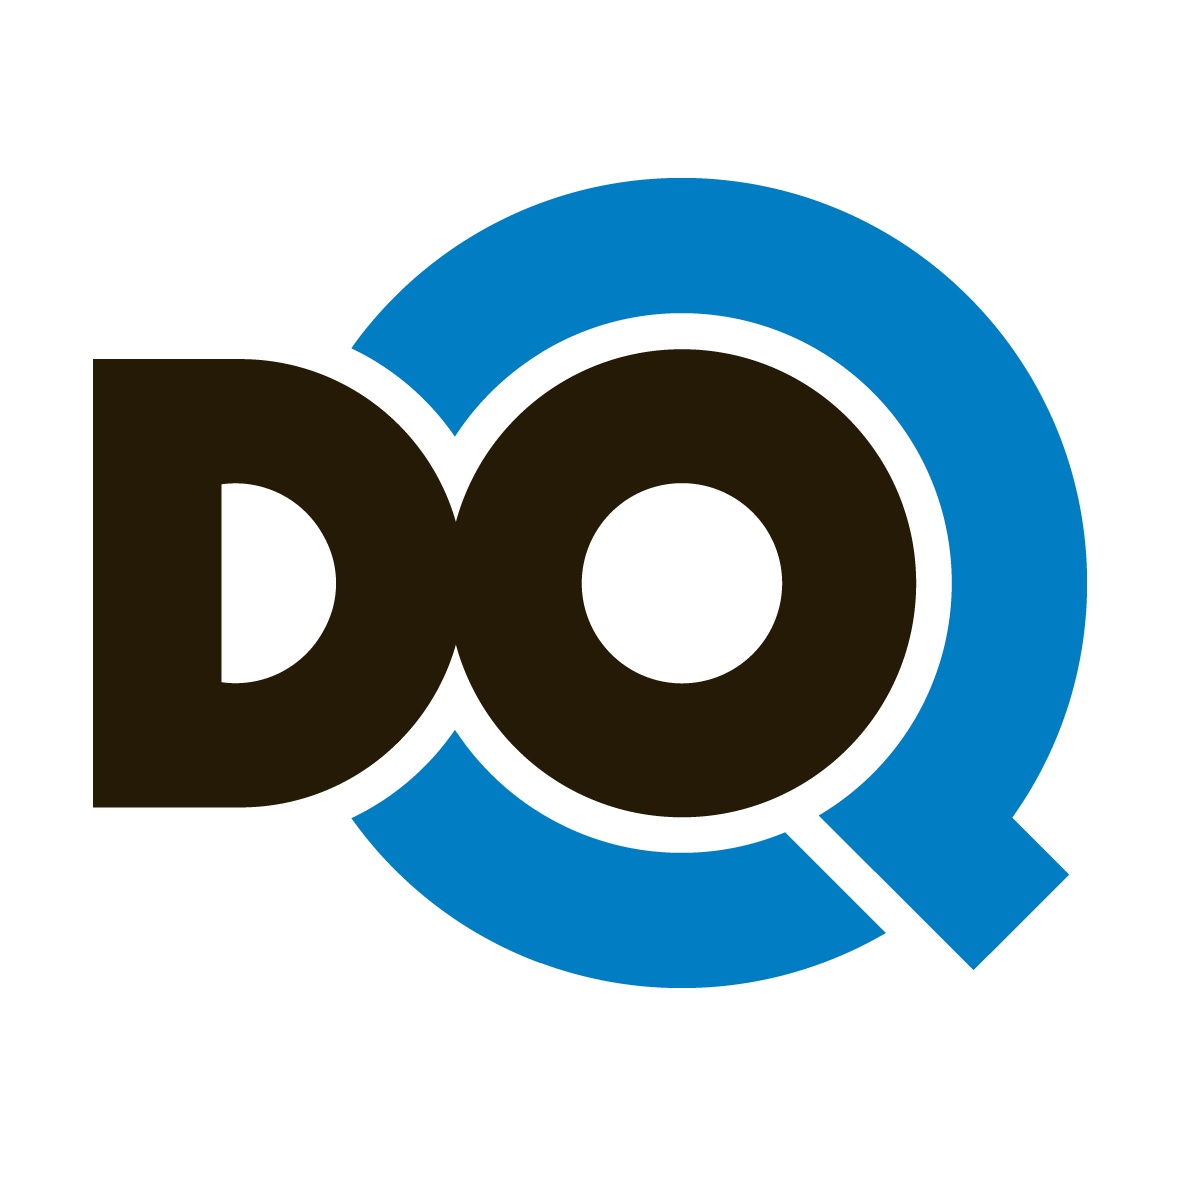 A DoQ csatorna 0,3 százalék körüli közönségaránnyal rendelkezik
...
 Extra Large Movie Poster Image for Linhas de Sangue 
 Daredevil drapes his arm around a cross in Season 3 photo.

### Problem details
Look through the entries above and quote exactly the lines from the line with "Extra Large Movie" to the line with "Daredevil drapes his", counting both of those lines.

### Solved problem
 Extra Large Movie Poster Image for Linhas de Sangue 
 Daredevil drapes his arm around a cross in Season 3 photo.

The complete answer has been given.